Fits: Working with a Passionate Child

I have a passionate child. I mean passionate.

She has a flare for the dramatic. From the moment she was born she was emotional. You should have heard the cries, I felt like my ears were about to bleed.

Now let me just say this now. I am not downing my daughter. I love her to pieces. We have a bond that is very unique and I would not trade it in for anything.

That being said, it was very difficult in the beginning… long nights, even longer days.

Then the toddler years came. When she was upset she and started to cry it would frequently get to the point where she turned blue and purple in the face, almost passing out. And I mean it would happen fast. She wasn’t crying for 10-20 minutes and then turning purple. She would begin turning purple instantly. I knew I had a problem but didn’t know what to do about it at first. It took some time and knowledge of my child before I figured out a fairly effective way to help her through the emotions.

Communication.

That was the biggest key in helping my daughter.

Just talking it through with her helped curb a lot of potential fits.

Example: 10 minutes before leaving the house to go to the gym… “Addy, mommy is going to go to the gym for a little bit but I will be back soon to see you. OK?” “I won’t be gone long and papa will be here to take care of you.” “Do you understand?” “I love you, be a good girl for papa.”

9 times out of 10 she may whimper a moment, give me a kiss and then settle down to watch a show or play with her toys.

This did not happen overnight though. It took a little bit of time.

In the middle of a fit I would continue to talk to her. Ask her if she needed anything. Explain to her the fit was making her choke and cough and sometimes throw up (yes she would throw up from this!) I would tell her to use her words to tell me what she wanted instead of crying.
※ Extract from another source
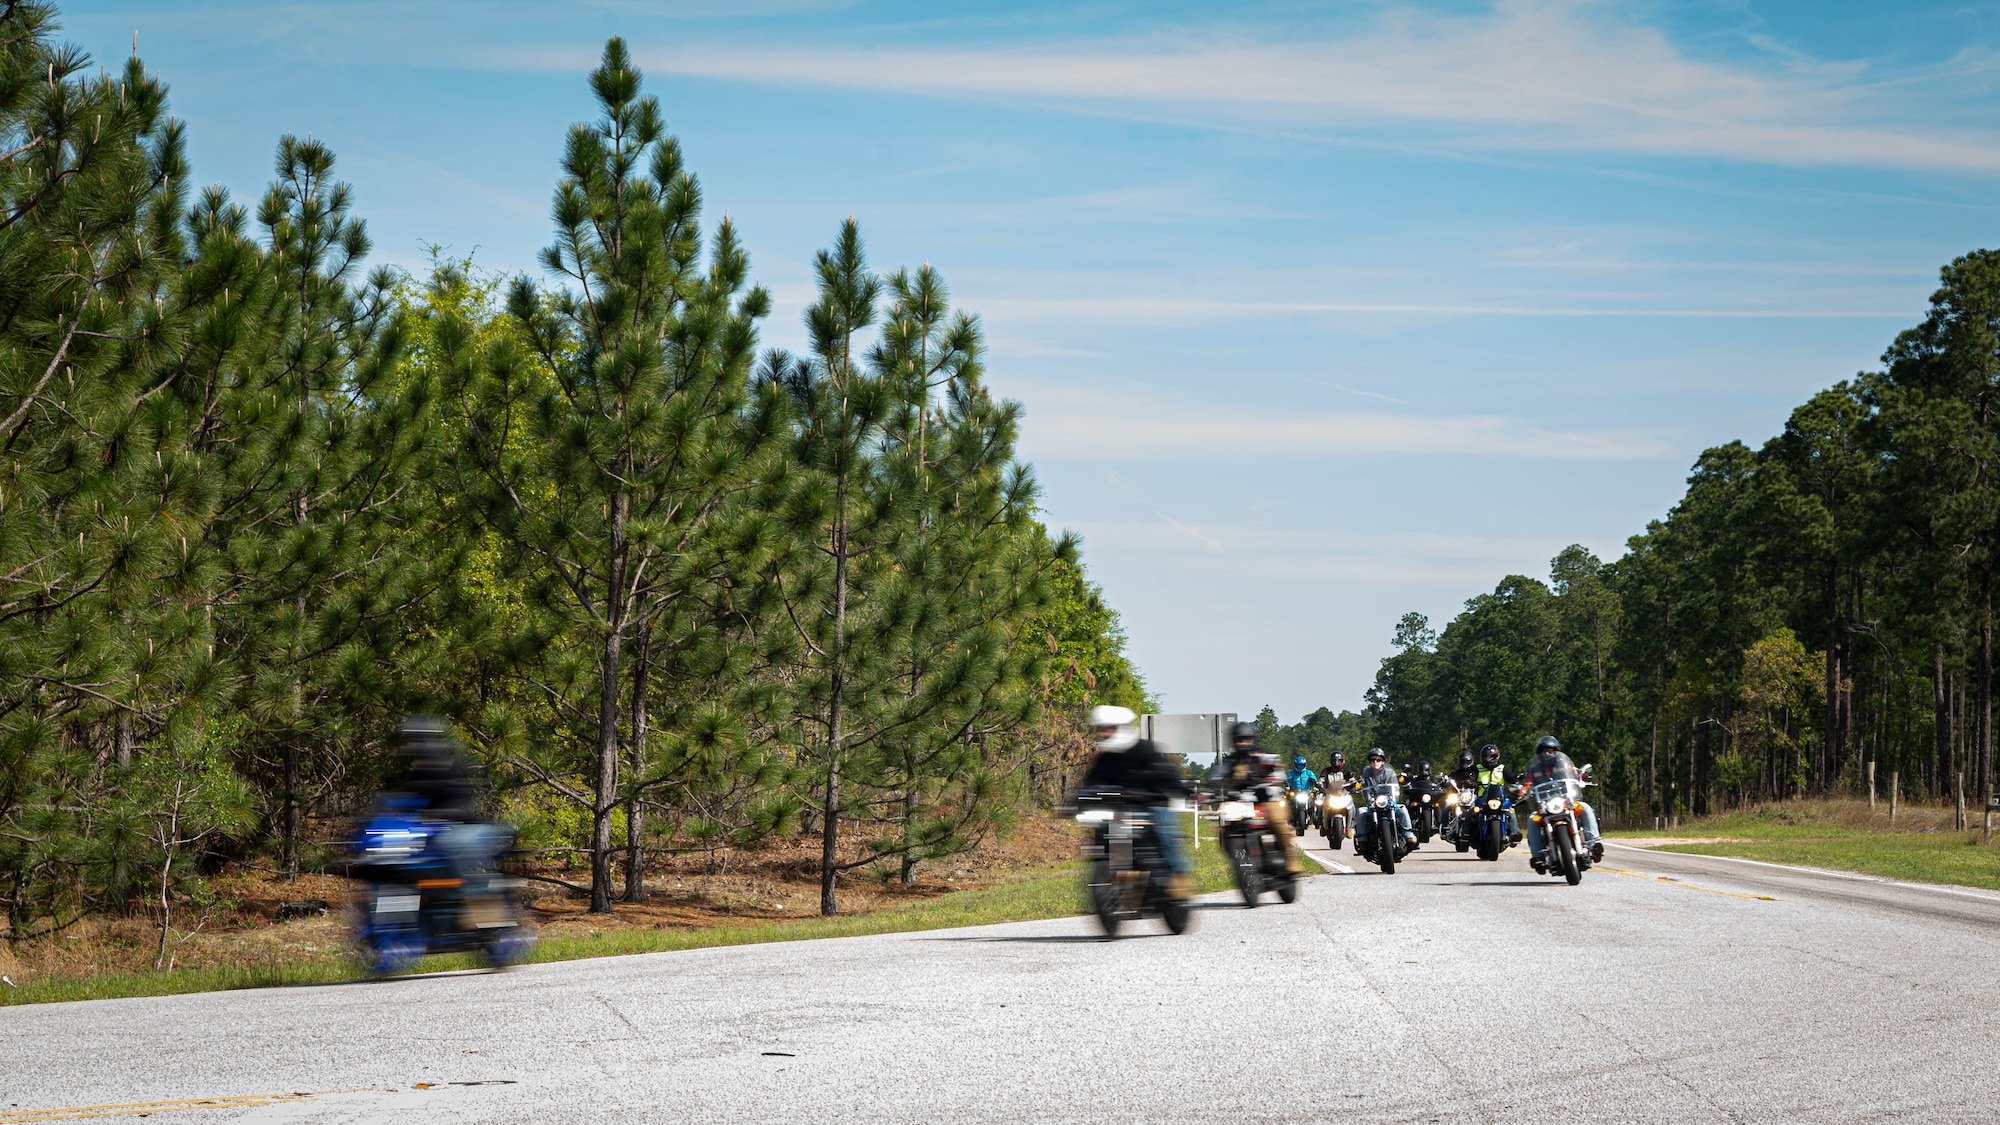 A group of motorcycle riders make a turn in the road.

I have read lots of articles and heard advice on what to do when your child throws a fit. Things like walk away and leave them in an other room. Or Ignore it till they stop. There was one problem.

She never stopped. Never.

Apparently my daughter did not read the advice.

She would go on and on for over an hour. Ear shattering, loud.
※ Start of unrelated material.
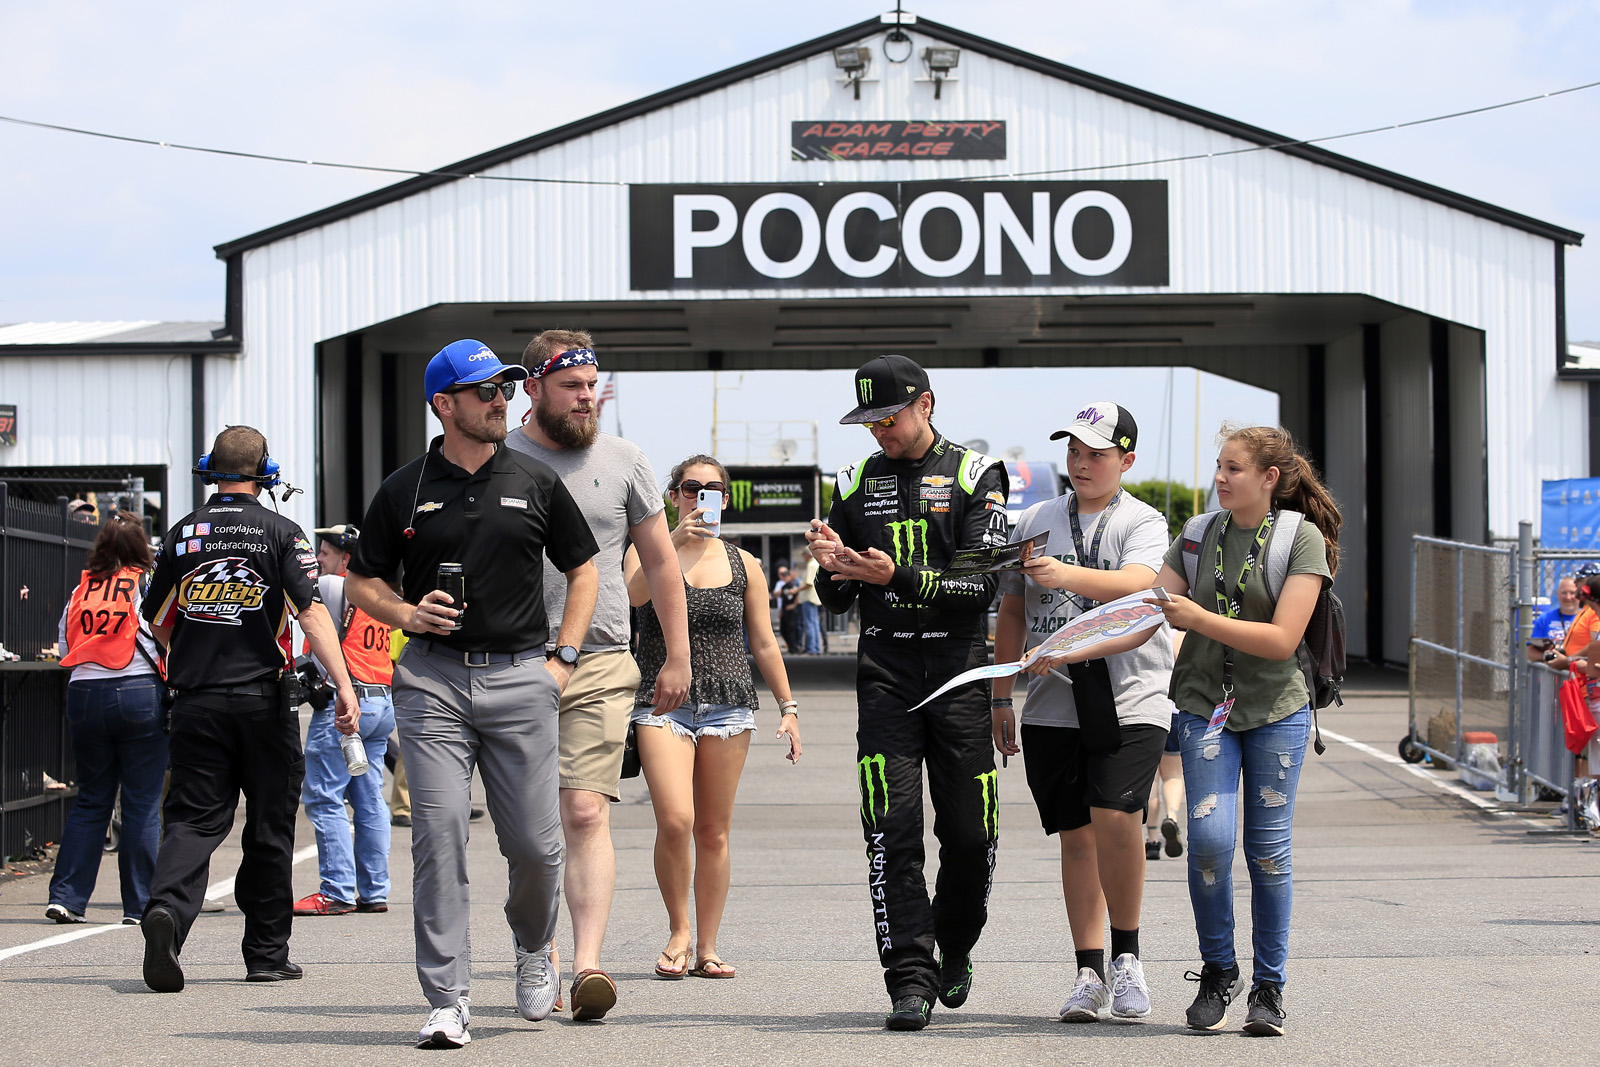 Monster Energy NASCAR Cup Series Race Pocono 400 – Qualifying

If I walked out of the room she would follow and almost smash her head on something because she was light headed.

When I explained to her what I was doing and why, things became much more bearable. She just turned three and she has had one fit in the past month and a half.

Oh and I am a big fan of rewarding good behavior at this age. I praise her verbally and will give a treat on occasion. This helps reinforce the kind of behavior I want to see in her. Instead of dwelling on the bad all the time.

How do you deal with a child when they throw a fit? Any tricks or tips you found that worked well? Let me know.